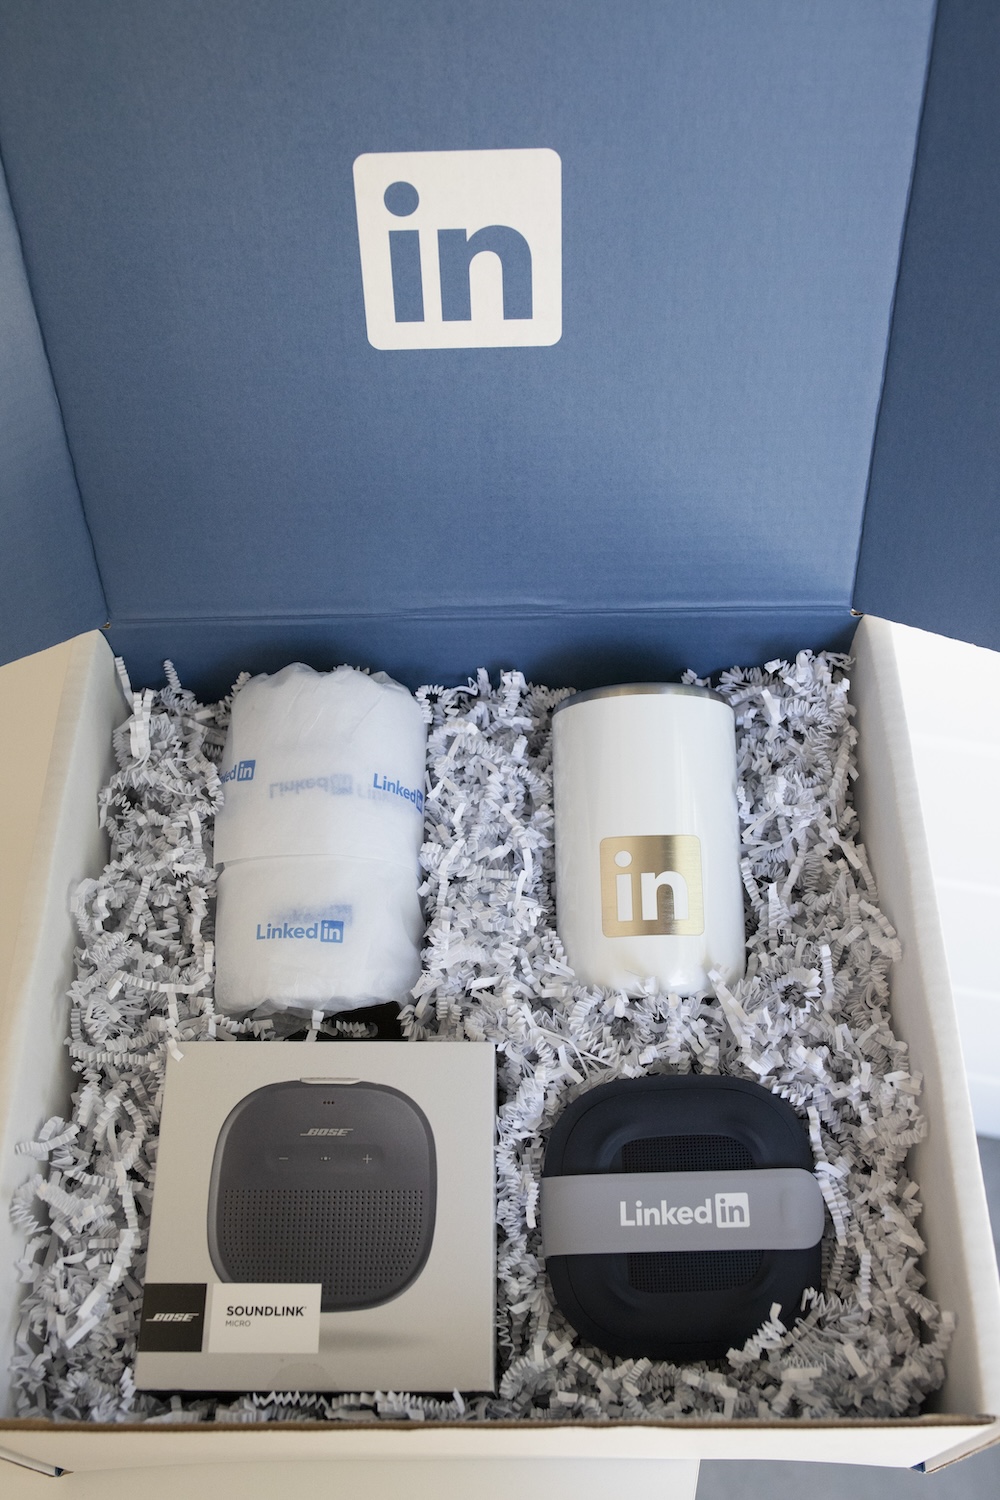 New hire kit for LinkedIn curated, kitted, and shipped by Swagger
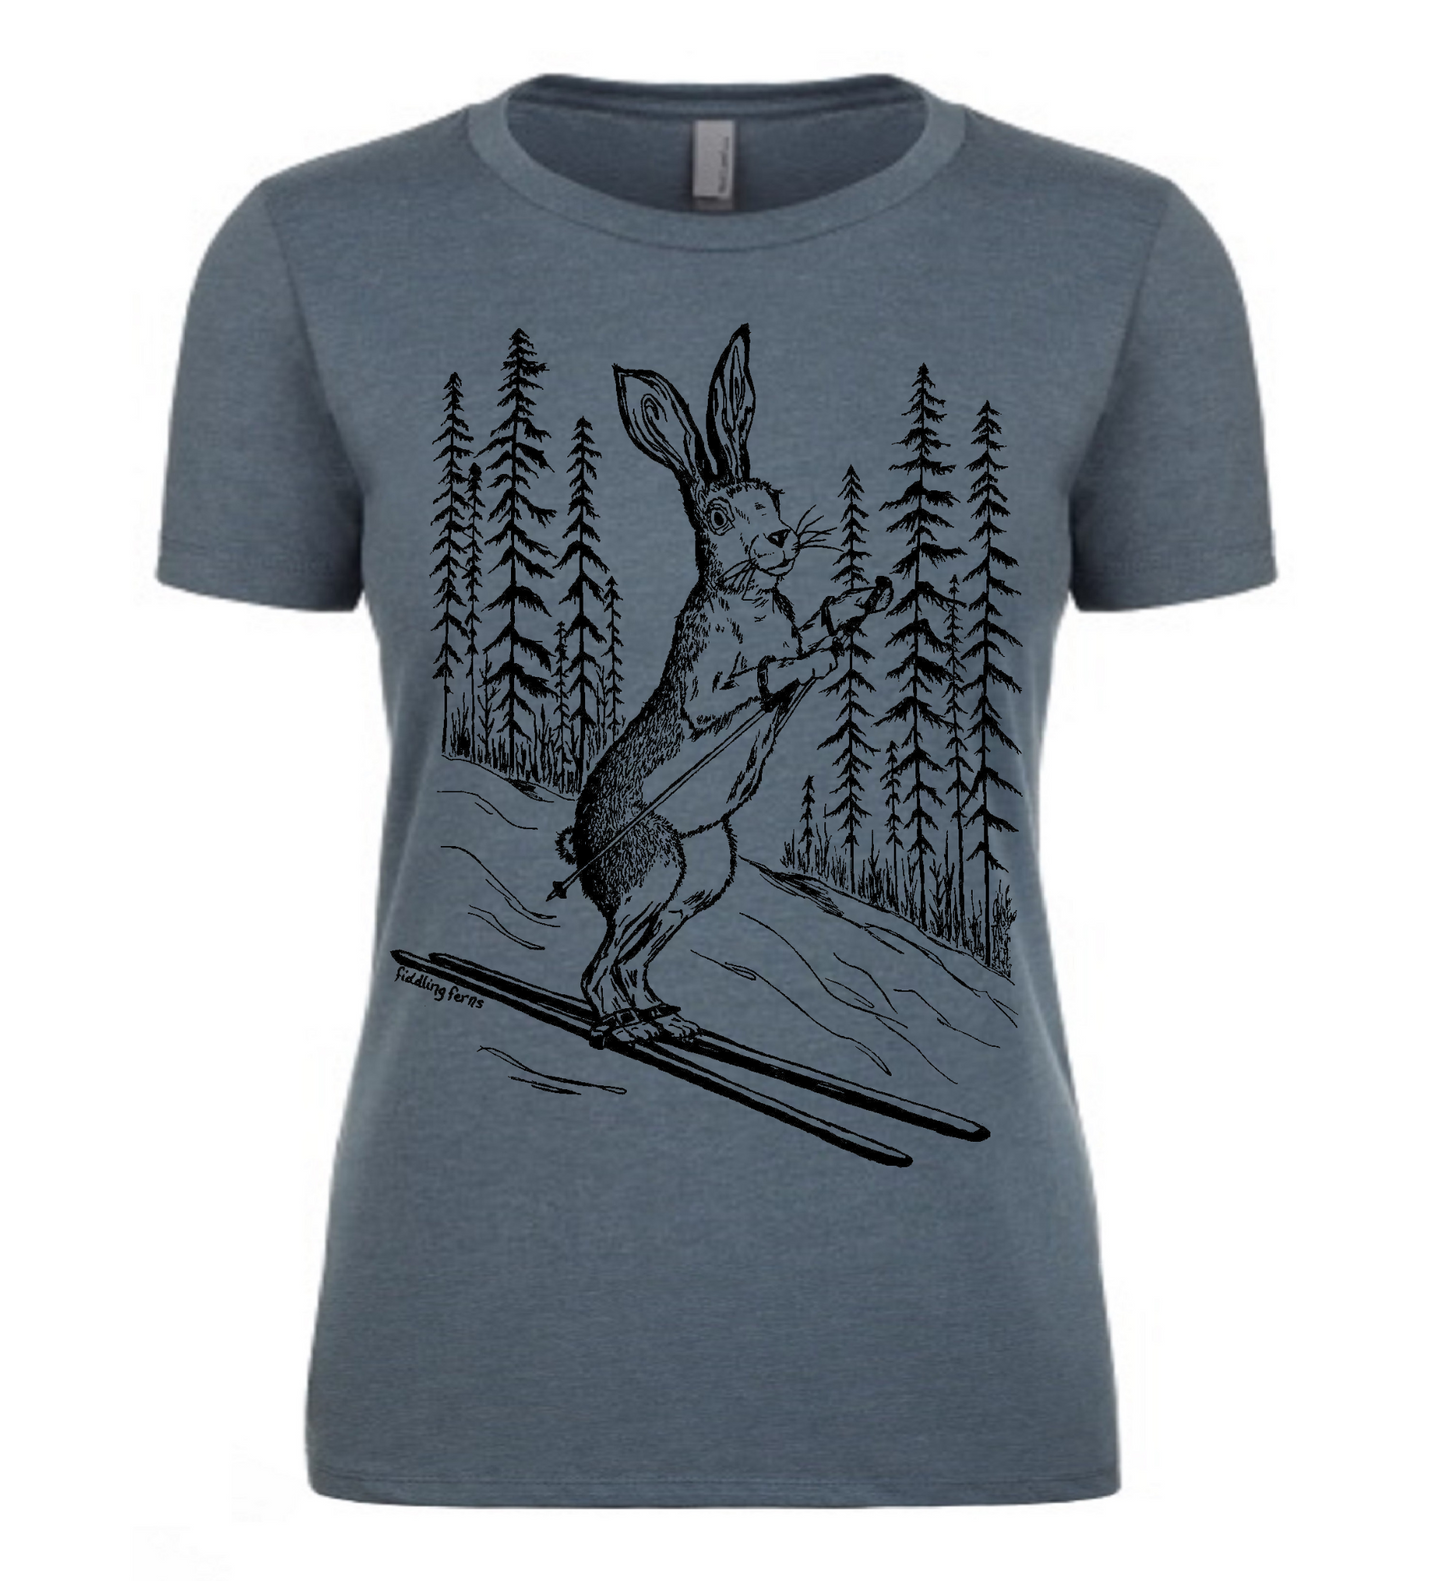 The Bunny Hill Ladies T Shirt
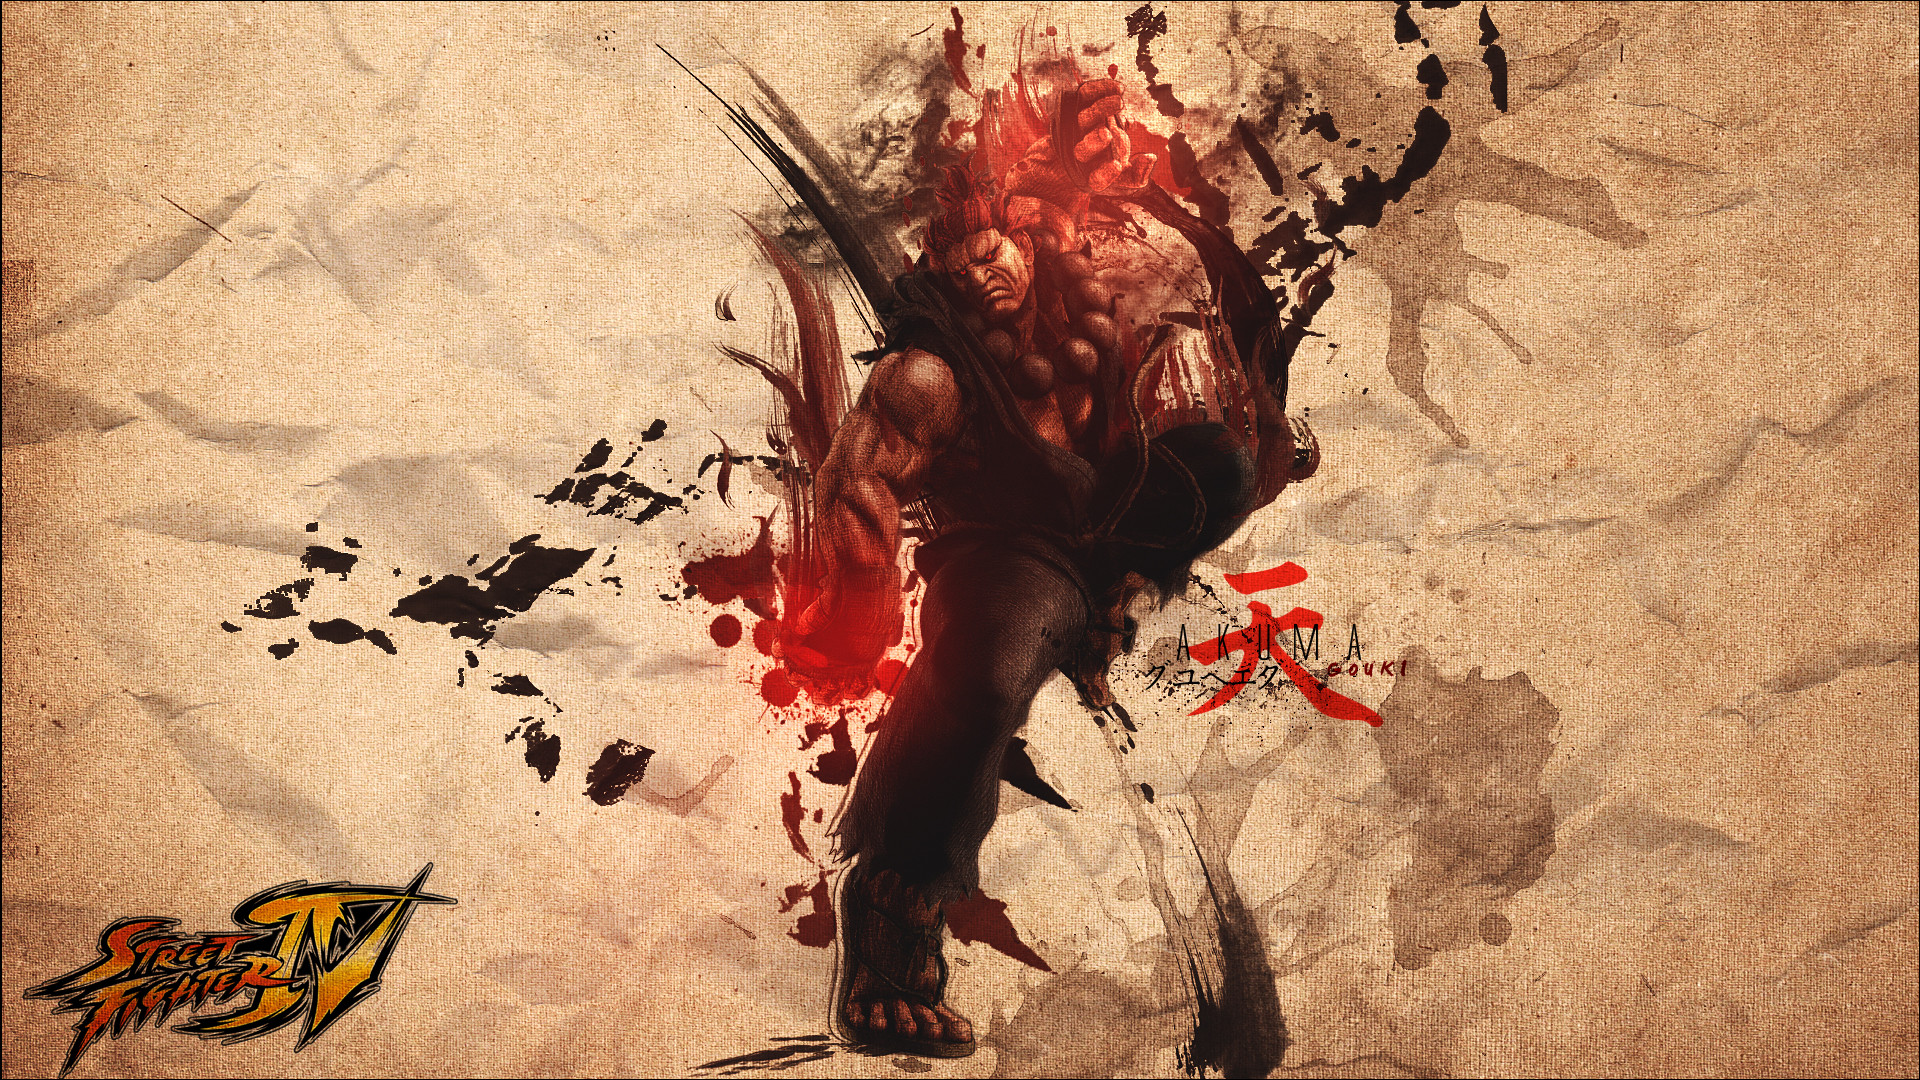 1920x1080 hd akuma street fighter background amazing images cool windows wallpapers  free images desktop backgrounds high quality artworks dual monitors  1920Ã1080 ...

· · ·

• [What to work on]:
Write the lines above out again exactly, without any of their pictures.

• [Written answer]:
 New hire kit for LinkedIn curated, kitted, and shipped by Swagger
 The Bunny Hill Ladies T Shirt
 1920x1080 hd akuma street fighter background amazing images cool windows wallpapers  free images desktop backgrounds high quality artworks dual monitors  1920Ã1080 ...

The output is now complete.